* **Supplied information**:
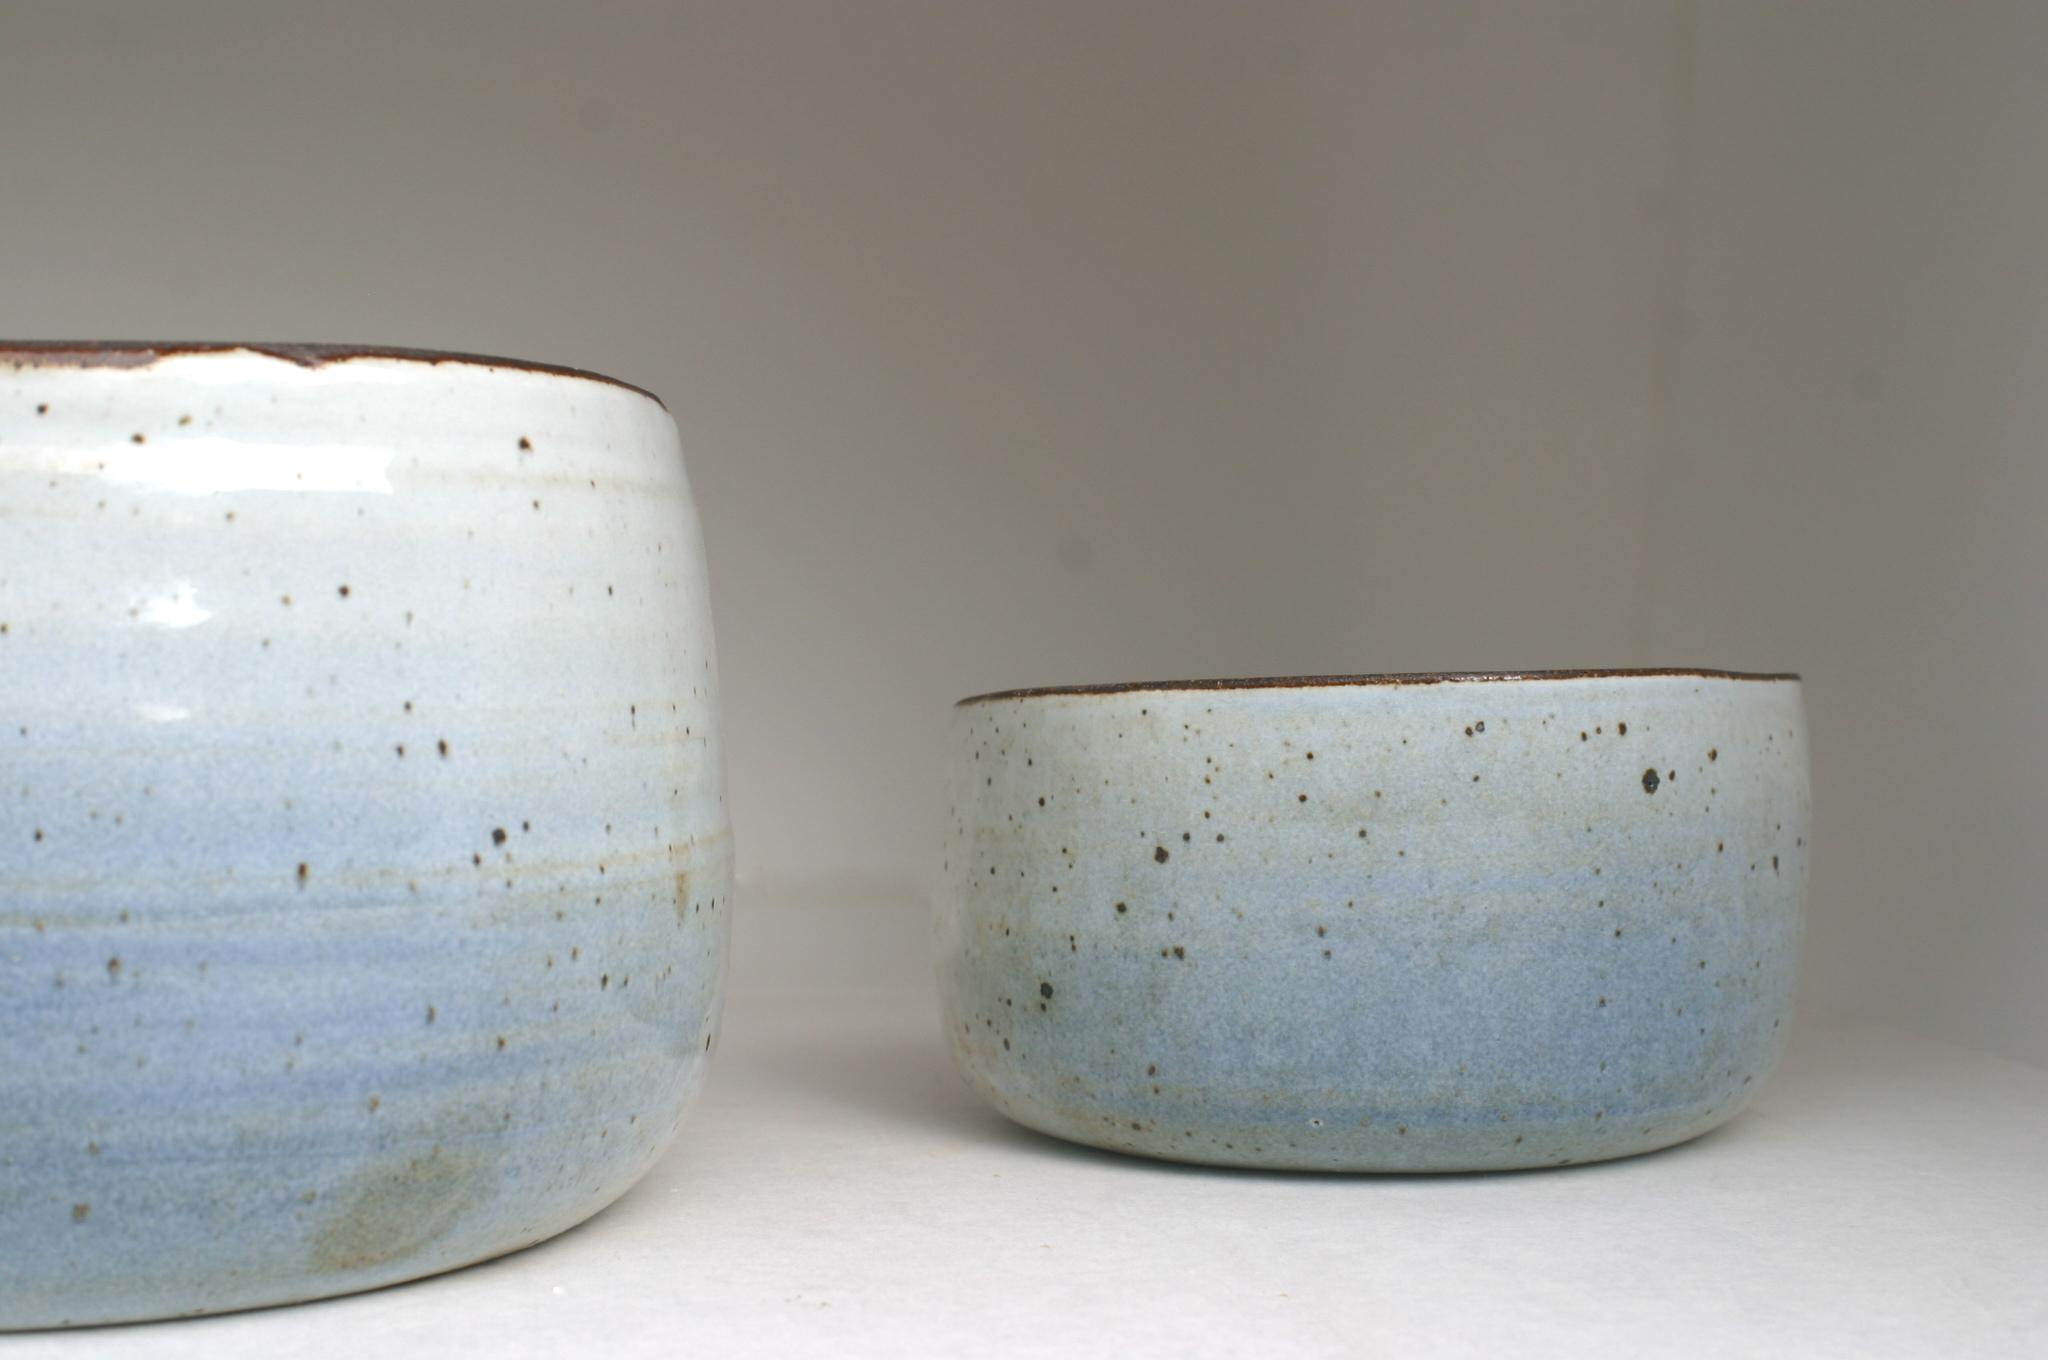 airbrushed blue glaze
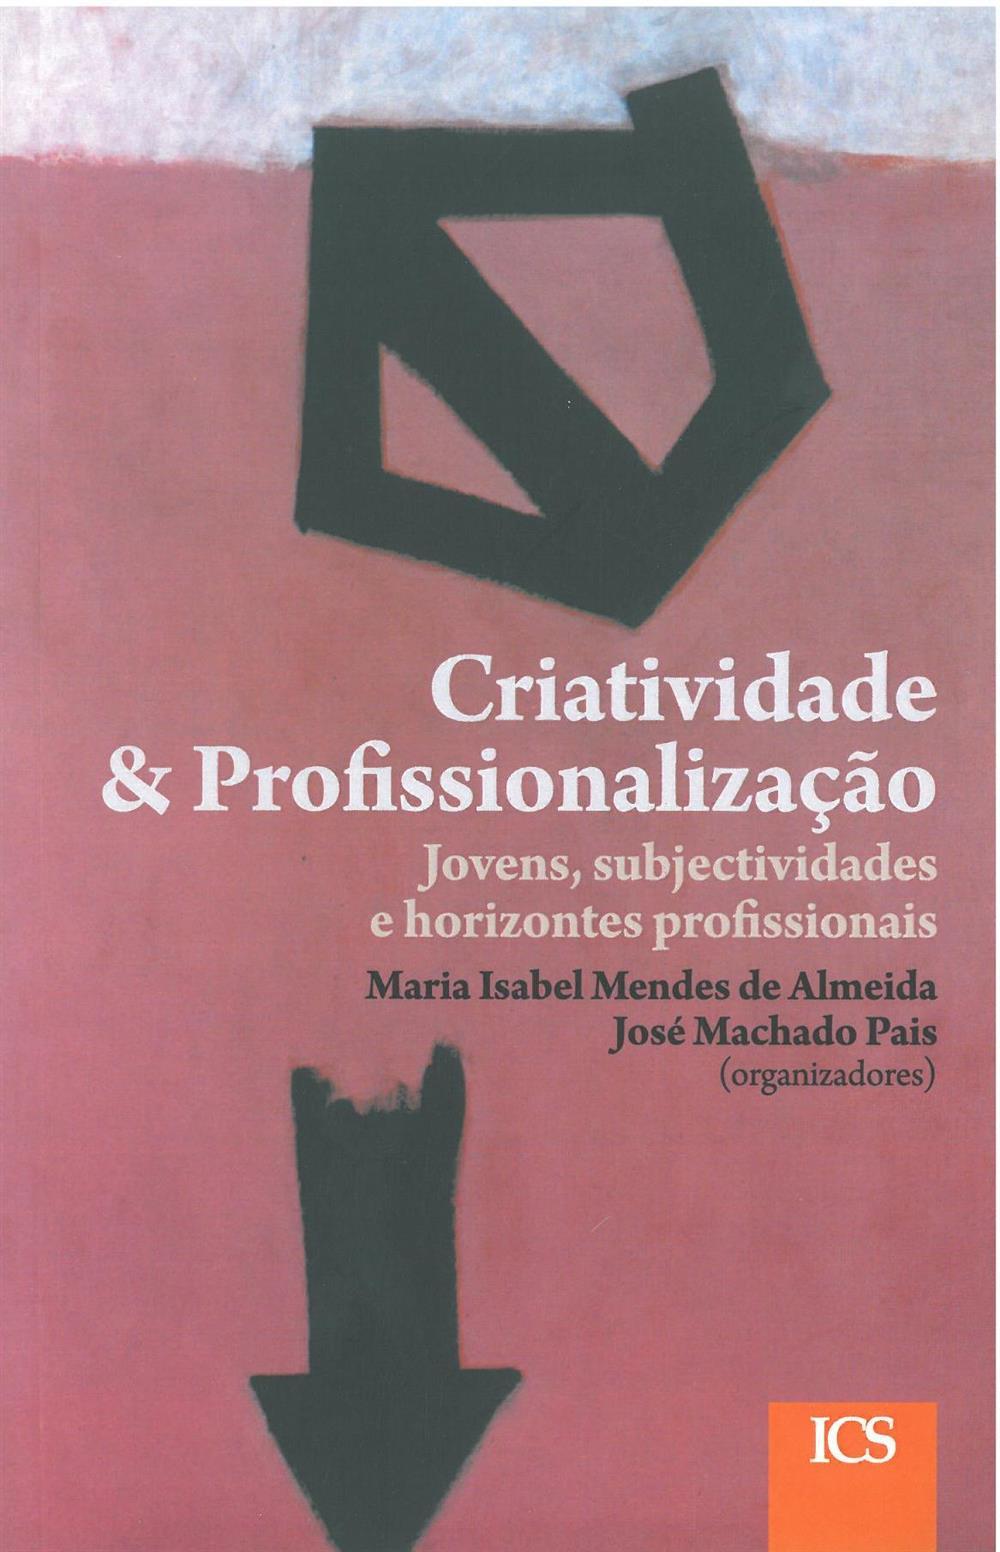 Criatividade & profissionalização.jpg
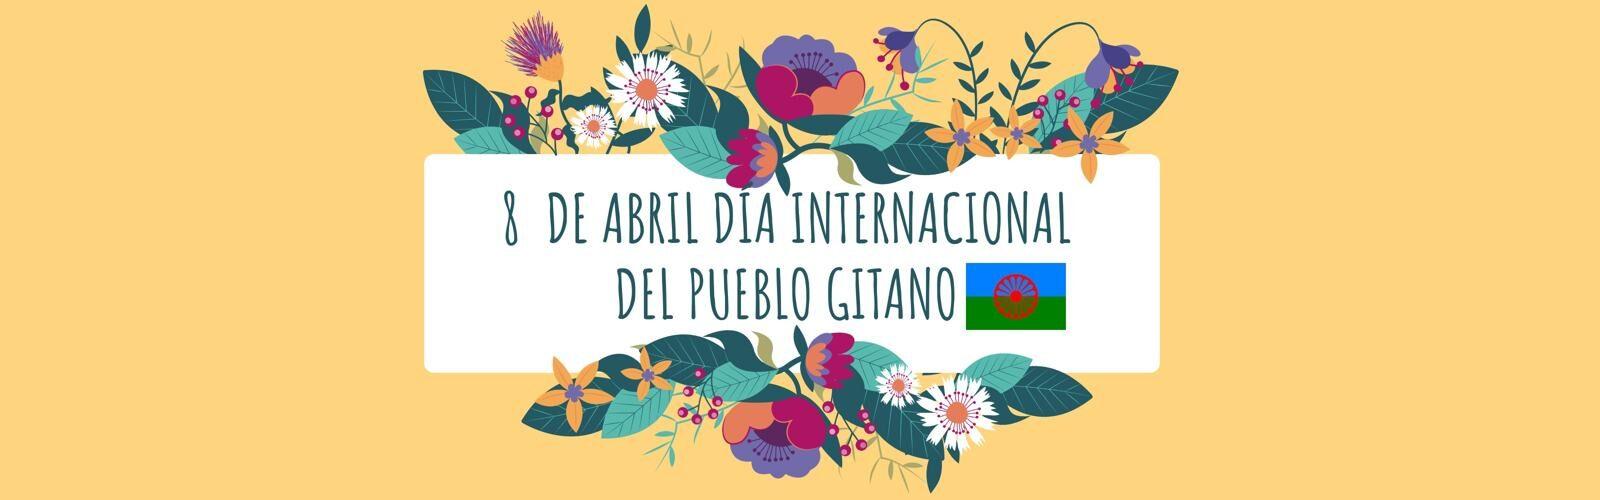 Ep. #4: 8 de abril, día Internacional del pueblo gitano
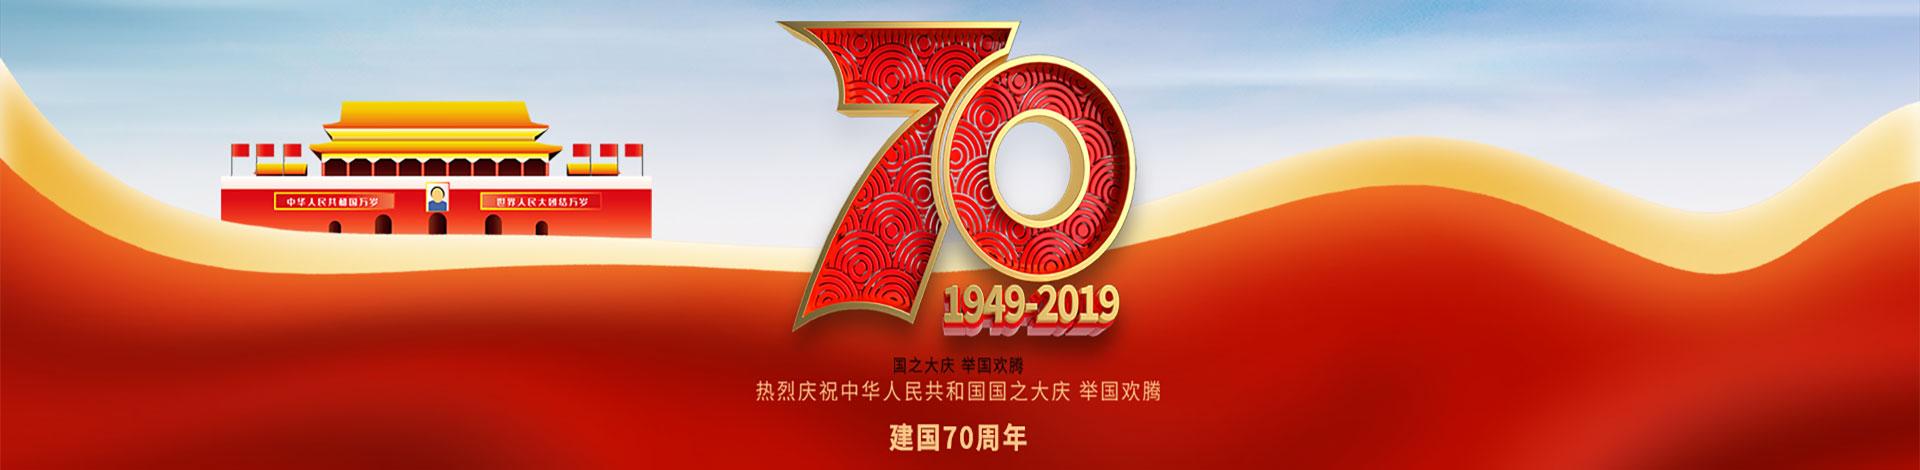 广西科创校准检测有限公司祝祖国母亲70岁生日快乐

* **What to work on**: Exact copy, no pictures: please print the data above once more.

* **Your response**:
 airbrushed blue glaze
 Criatividade & profissionalização.jpg
 Ep. #4: 8 de abril, día Internacional del pueblo gitano
 广西科创校准检测有限公司祝祖国母亲70岁生日快乐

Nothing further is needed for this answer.